As a Prosperity loan officer, DiQuollo met with potential borrowers, qualified them for loans, ran credit checks, gathered information from borrowers required by Wells Fargo for loan applications, and attended closings. DiQuollo also prospected for business with the Long & Foster realtors in the office and other potential referral sources, including realtors in other firms. A Prosperity loan processor located in Prosperity's headquarters in Chantilly, Virginia helped support plaintiff's work. Plaintiff handled other administrative tasks herself. DiQuollo worked at Long & Foster real estate offices in Vienna, Great Falls, and McLean, with her last office being the Elm Street office in McLean, Virginia (the "McLean Office"). All of DiQuollo's office transfers were voluntary and requested by her in an effort to increase her opportunity for additional loan business.
In 2006, market share became a priority for Prosperity and each year Prosperity would set market share targets for its loan officers.
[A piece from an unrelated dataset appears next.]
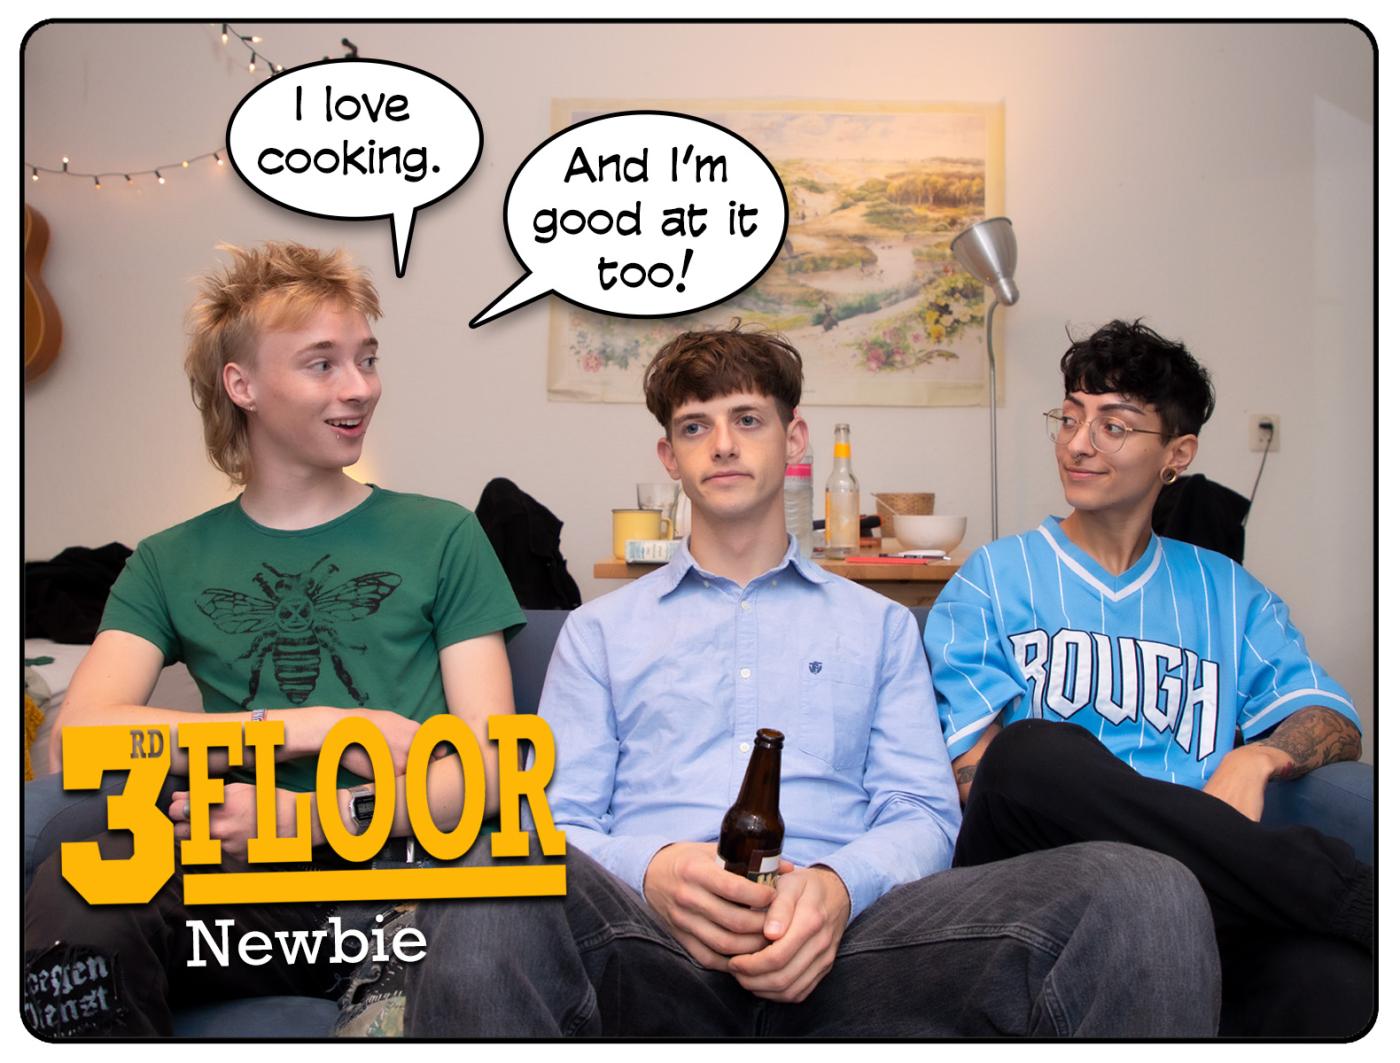 3rd Floor: Newbie

These targets were applied to all Prosperity loan officers and the market share targets were well known to all loan officers, who received reports tracking their monthly and year-to-date market share.
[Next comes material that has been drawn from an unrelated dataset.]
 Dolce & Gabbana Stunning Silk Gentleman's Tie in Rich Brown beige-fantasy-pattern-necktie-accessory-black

In July 2007, DiQuollo was disciplined for altering loan records to make it appear that she was responsible for loans with which she actually had no involvement. DiQuollo admits that she committed the offense, that it was wrong, and that she could have been terminated for what she did. She qualifies her admission by explaining that other employees engaged in the same activity "because of the unreasonable market share requirement of defendant."
It is undisputed that in 2008 plaintiff continued to have problems meeting her market share. As a result, Pawsat gave DiQuollo a written performance evaluation for that year, rating her overall performance a "2" out of a possible "5," meaning that DiQuollo needed "improvement." Pawsat also gave DiQuollo an individual rating of "2" for her market share and indicated that DiQuollo "struggled with market share over the past year." DiQuollo's market share had declined from 14.7% in 2007 to 11.0% in 2008 while the overall Northern Virginia market share grew from 15.6% in 2007 to 19.4% in 2008.
In 2010, DiQuollo received another "2" rating, this time for her performance in 2009; however, her individual market share rating was downgraded to a "1" ("unsatisfactory") even though her market share had increased from 11.0% in 2008 to 12.3% in 2009. DiQuollo's market share was still well below her 2007 market share, and well below the overall Northern Virginia market share, which had grown to 20.6%. In 2009, the Long & Foster office where DiQuollo worked was ranked seventeenth
In late 2009, Allue, plaintiff's second-level supervisor, decided that plaintiff had to be removed from the McLean office because of her inability to make market share. She was replaced in March 2010 by Allison Olweiler, a woman in her thirties. DiQuollo was not fired; instead, Allue made her an independent loan officer. Under that arrangement, DiQuollo was not assigned to a Long & Foster office, but was expected to work out of her home, in which she had a desk, a Prosperity-owned laptop, a cell phone, and a printer. There is no dispute that DiQuollo had worked from home at least periodically, on nights and weekends, while working for Prosperity. Under this new arrangement, Prosperity continued to provide DiQuollo with the exact same technology support as she had when she worked in the McLean office and she was allowed to use the printer at the McLean office (at least on weekends). Moreover, it is undisputed that DiQuollo retained access to the contacts she had developed in the McLean office, and if DiQuollo had 26% of an agent's business in the last year, she could continue working with that agent. DiQuollo's successor, Olweiler, handled all the other business in the office.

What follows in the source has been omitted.